Fluorescence Lifetime Imaging Microscopy and micro-spectroscopy

Fluorescence lifetime imaging was carried out on MicroTime 200 (Picoquant GmbH, Germany) linked with Olympus IX71 inverted microscope. The cell samples were illuminated by 405 nm pulsed laser with 10 MHz repetition frequency and 16 ps resolution time. During the experiments was used a silicon oil-immersed objective (NA = 1.3, 60×). Measurements were carried out with the application of ZT 405RDC dichroic, ZET405 StopLine Notch Filter, 430 long wavelength-pass filters from Chroma-AHF Analysentechnik and a confocal pinhole of 50 μm in diameter. The fluorescence signal was divided into perpendicular- and parallel-polarized channels and was simultaneously measured by two twin Single Photon Avalanche Diodes. The perpendicular (F) and parallel (F) intensities were further used to calculate the anisotropy as defined:

$$r=\frac{{F}_{\Vert }-G{F}_{\perp }}{{F}_{\Vert }+2G{F}_{\perp }}$$

Polarization directions are referred to the polarization of excitation laser beam. G was an instrumental correction factor (typically 1.01). A value of factor G was determined before each experiment, in separate measurement carried out with a long-lifetime fluorescence probe.

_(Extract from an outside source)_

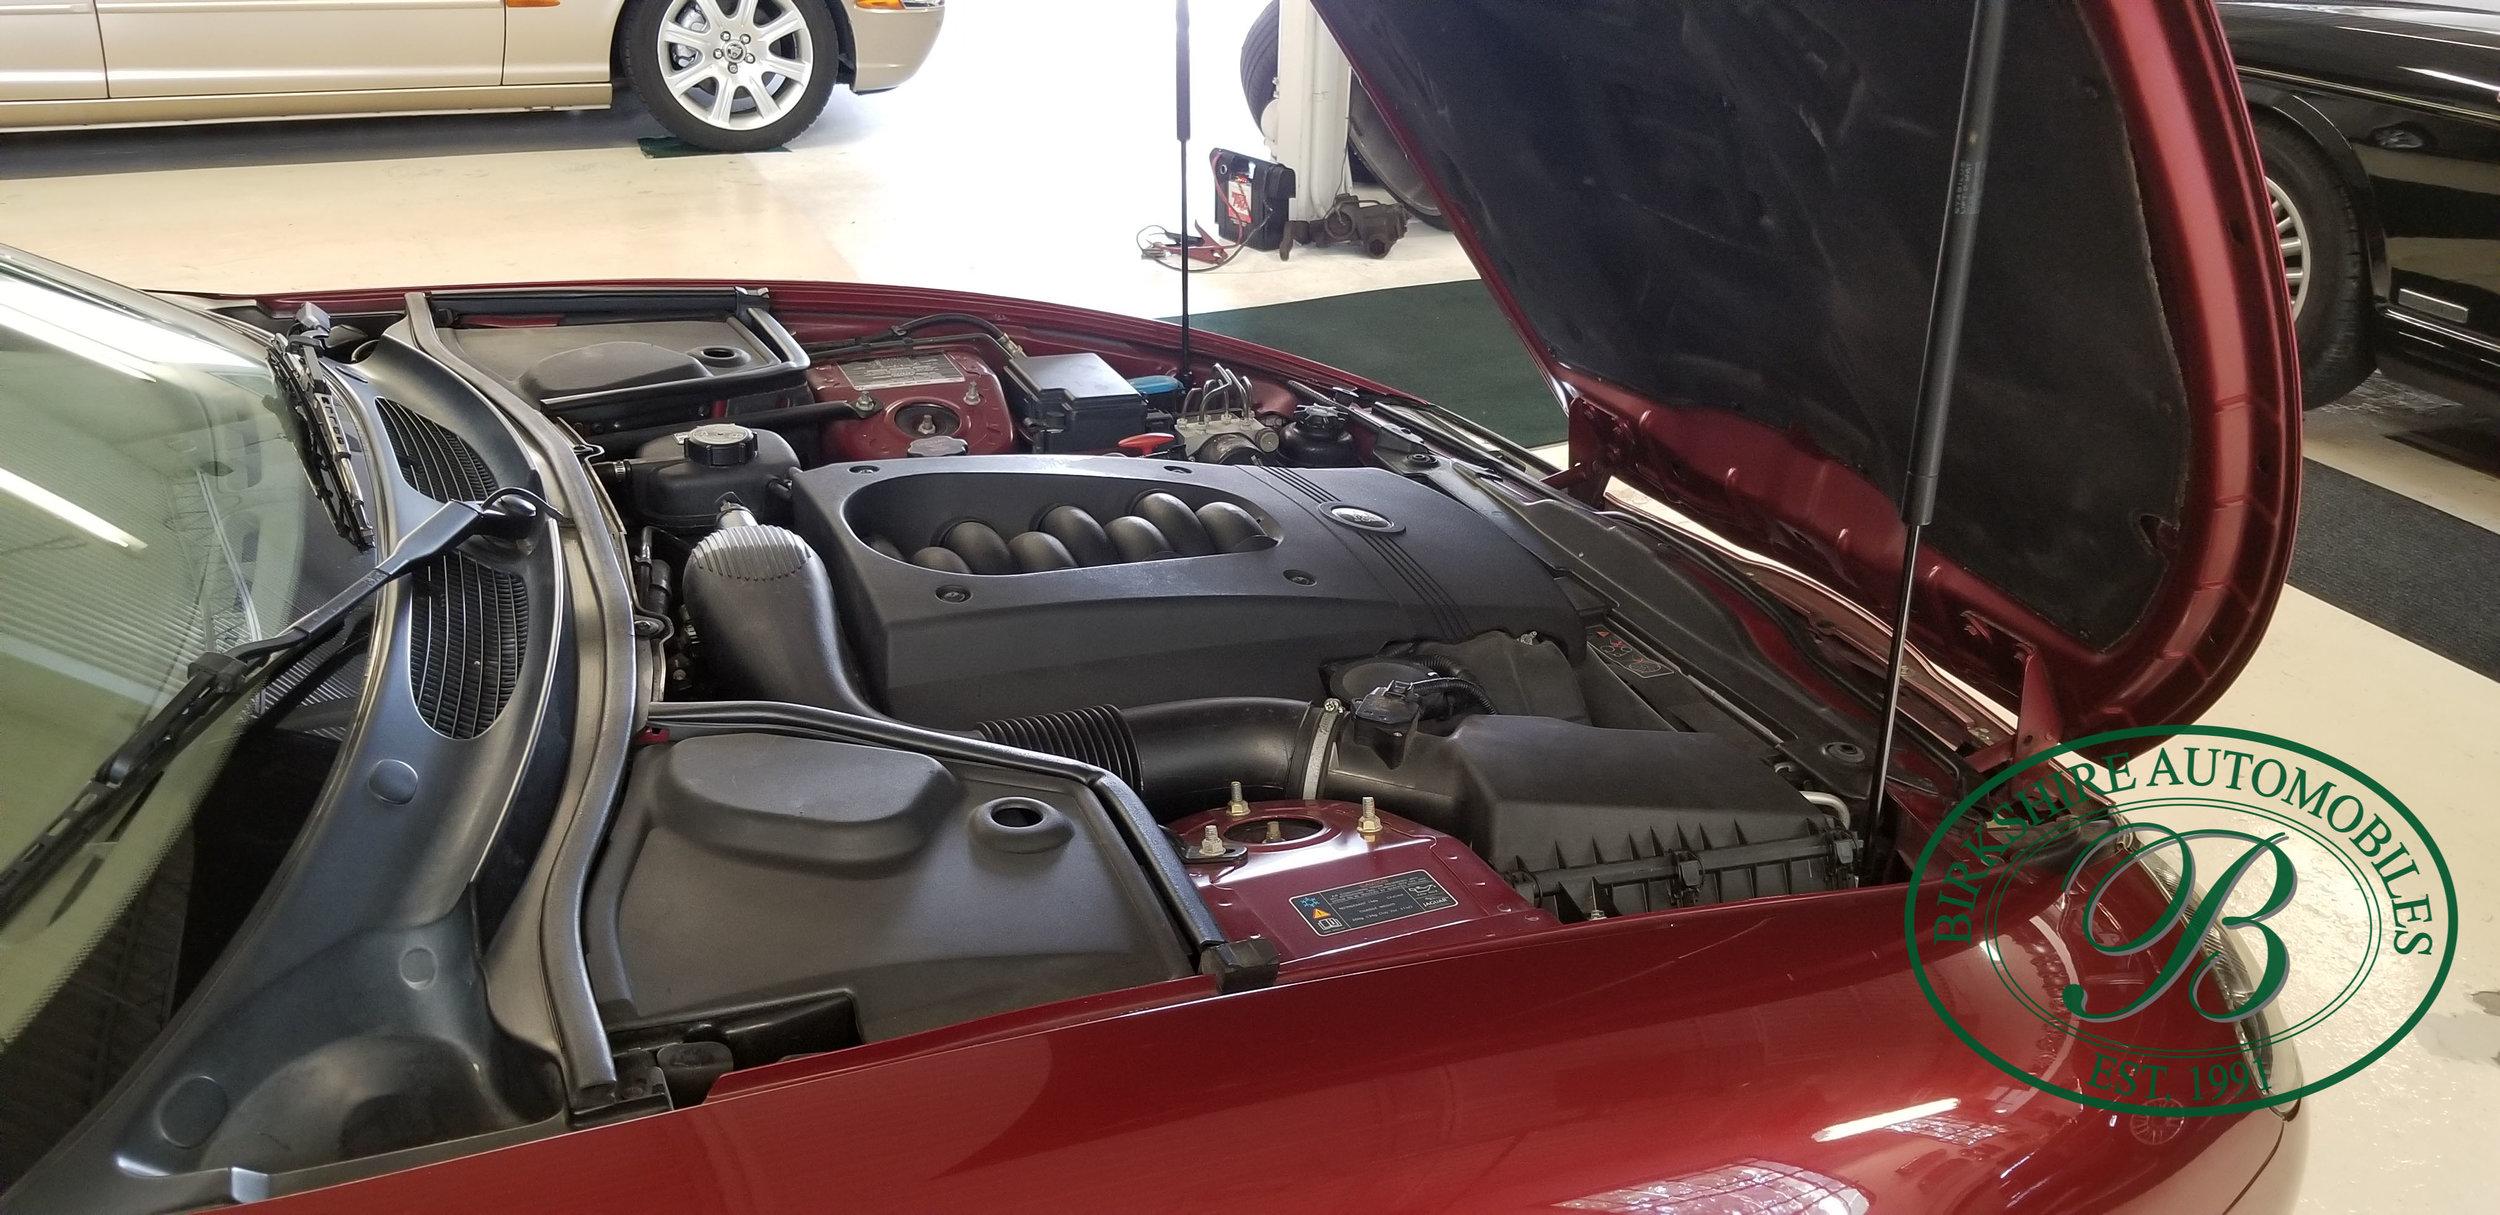 2006 Jaguar XK8 Convertible - Birkshire Automobiles Thornhill (19).jpg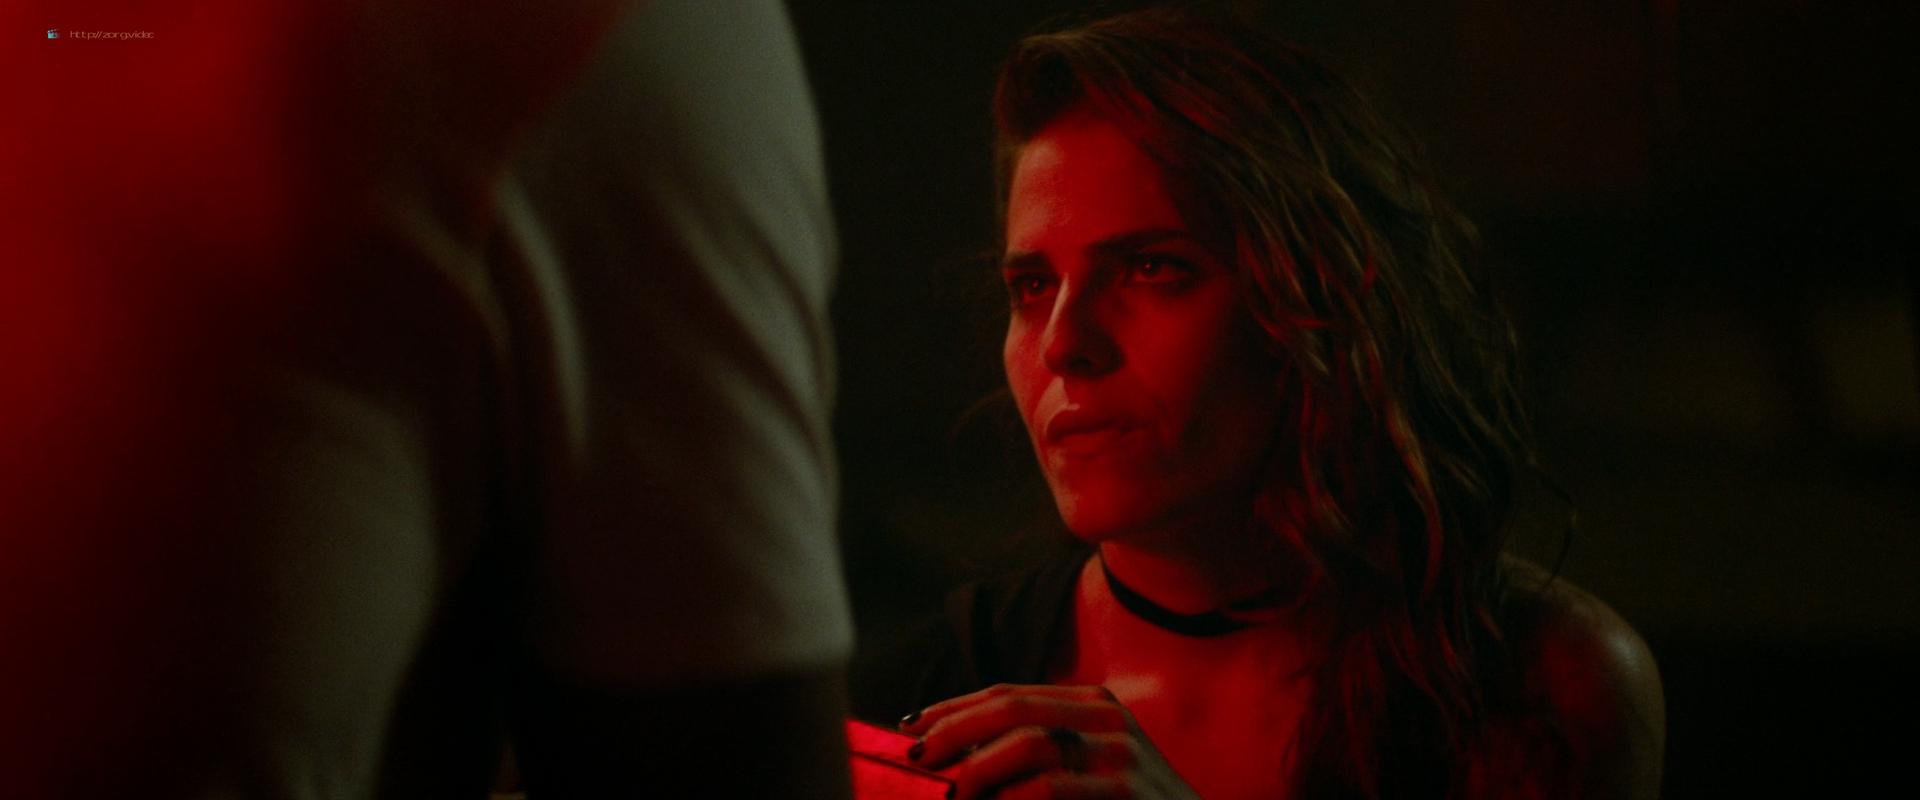 Karla Souza nude hot sex - Jacob's Ladder (2019) HD 1080p (7)

Fluorescence lifetimes and fluorescence anisotropy values were analyzed and determined with the application of SymPhoTime 64 v. 2.3 software (Picoquant GmbH, Germany).

Fluorescence emission spectra of micro-scale objects were recorded from a selected area of the imaged cells with the application of a Shamrock 163 spectrograph coupled with the microscope. For detection, a single photon-sensitive camera (Newton EMCCD DU970P BUF, Andor Technology) was used, cooled to minus 50 °C.

Raman imaging

Raman spectral analysis and imaging on a microscale was carried out with inVia Reflex confocal Raman microscope (Renishaw, UK) with Cobolt o8-NLD 405 nm laser (power at a sample 0.2 mW). Water immersed objective (Olympus NA = 1.2, 60×) was applied during the experiments. In each pixel of the map, a Raman spectrum was recorded in the region between 953–3033 cm−1, with the application of a 2400 lines/mm grating (1 cm−1 spectral resolution) and EMCCD Newton 970 camera (Andor Technology, UK) cooled to minus 50 °C. Spectrum acquisition time was set to 0.1 s. All results were analyzed by DCLS spectral deconvolution using Wire 4.4 software (Renishaw, UK).